#### Exercise prompt
Using the records below, write out again exactly the lines that begin at the line containing "Dr. Tilman Clausen" and end at the line containing "2 PCS Car LED", and no other lines.
++++ Data section ++++
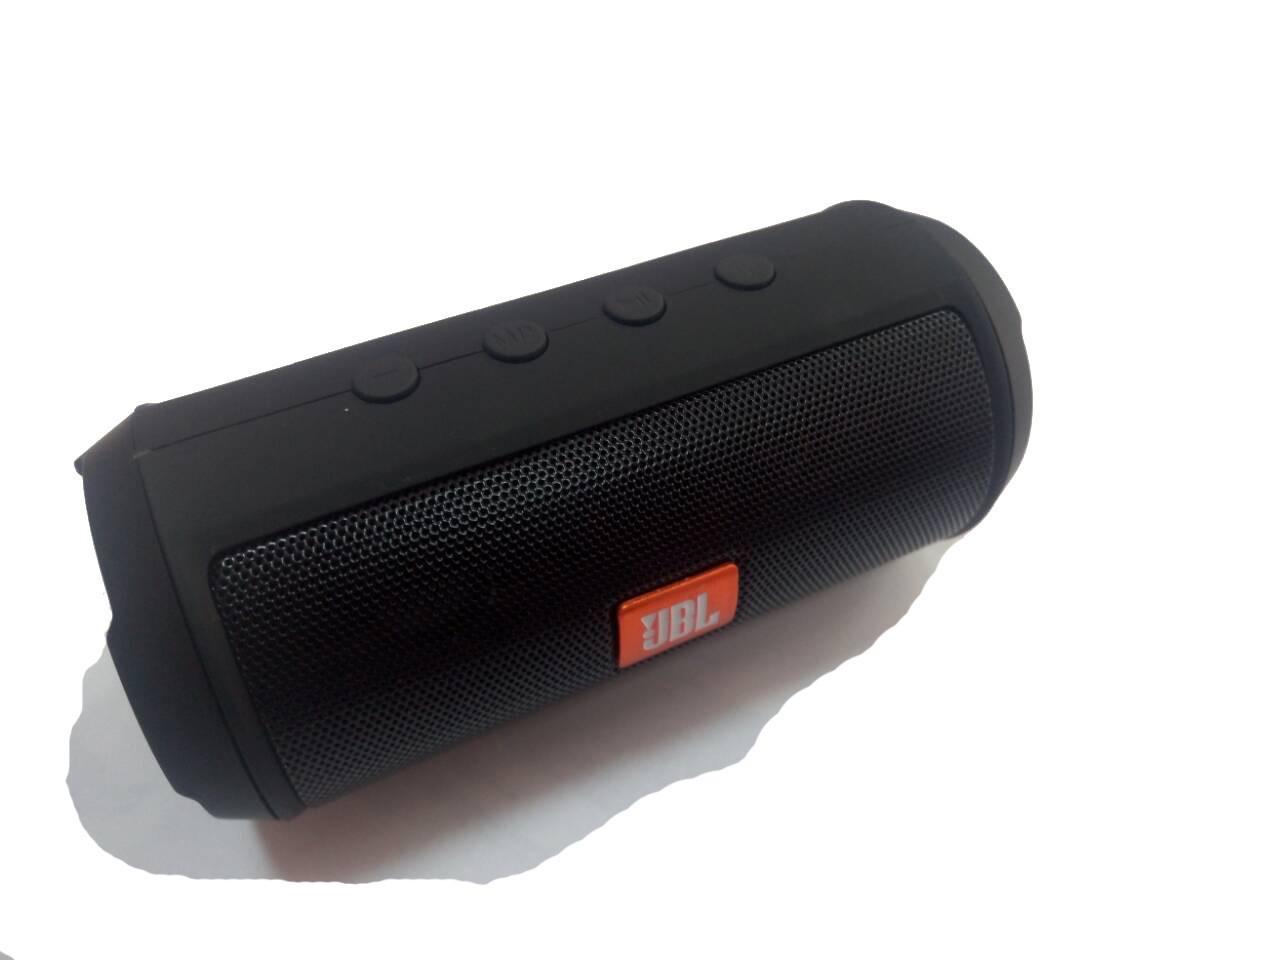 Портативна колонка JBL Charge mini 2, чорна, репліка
++++
++++ Data section ++++
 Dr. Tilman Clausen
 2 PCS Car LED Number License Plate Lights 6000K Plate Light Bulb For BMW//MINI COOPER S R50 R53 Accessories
++++
++++ Data section ++++
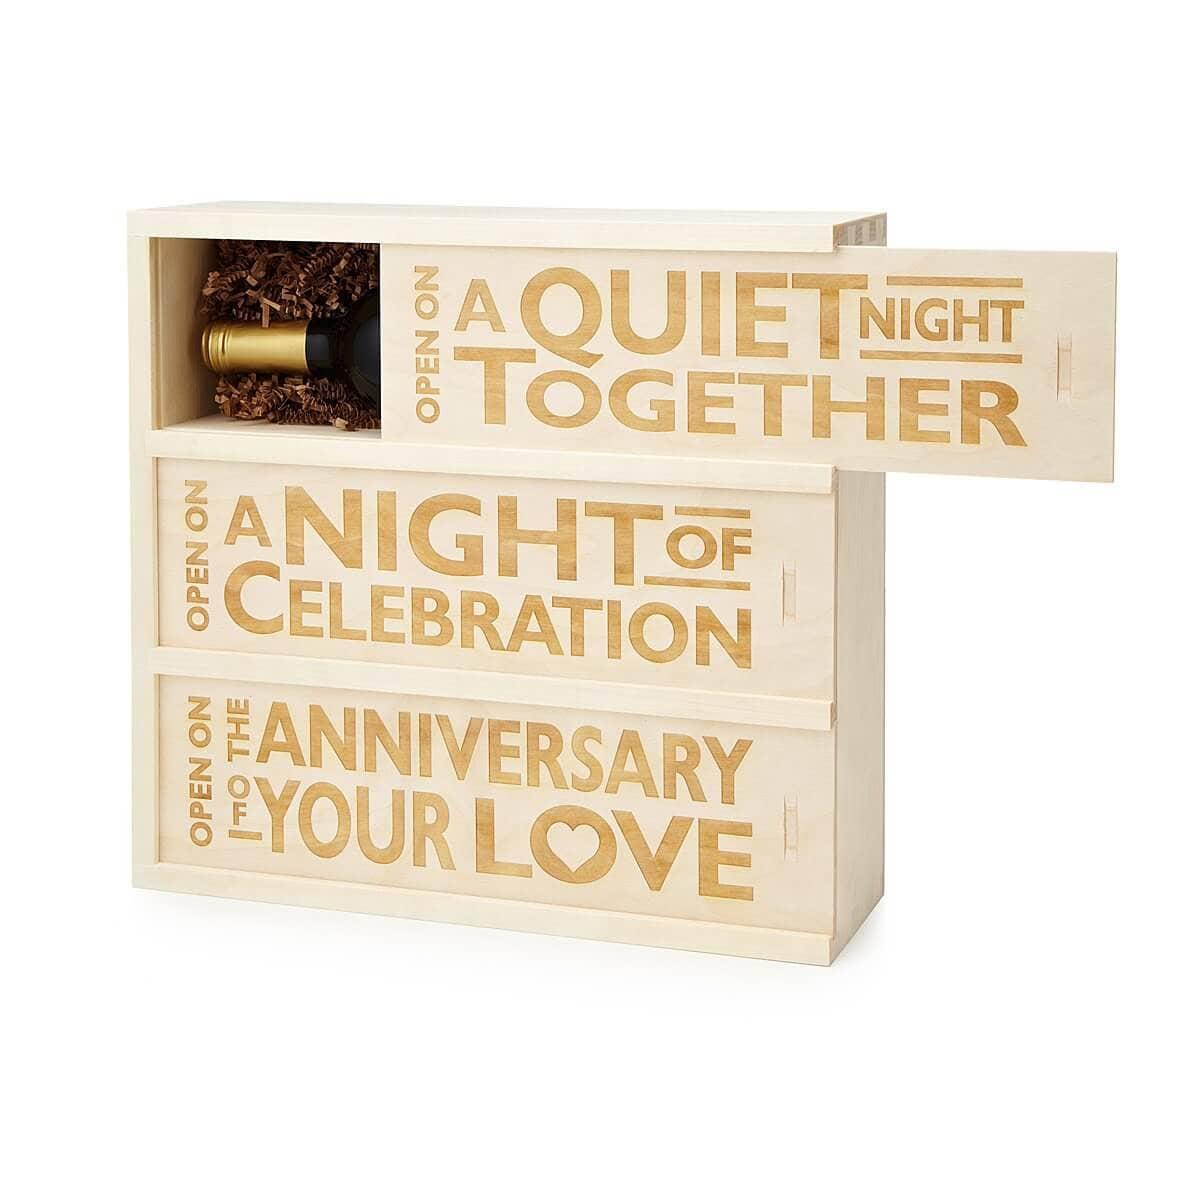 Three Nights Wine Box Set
++++
#### Output for this exercise
 Dr. Tilman Clausen
 2 PCS Car LED Number License Plate Lights 6000K Plate Light Bulb For BMW//MINI COOPER S R50 R53 Accessories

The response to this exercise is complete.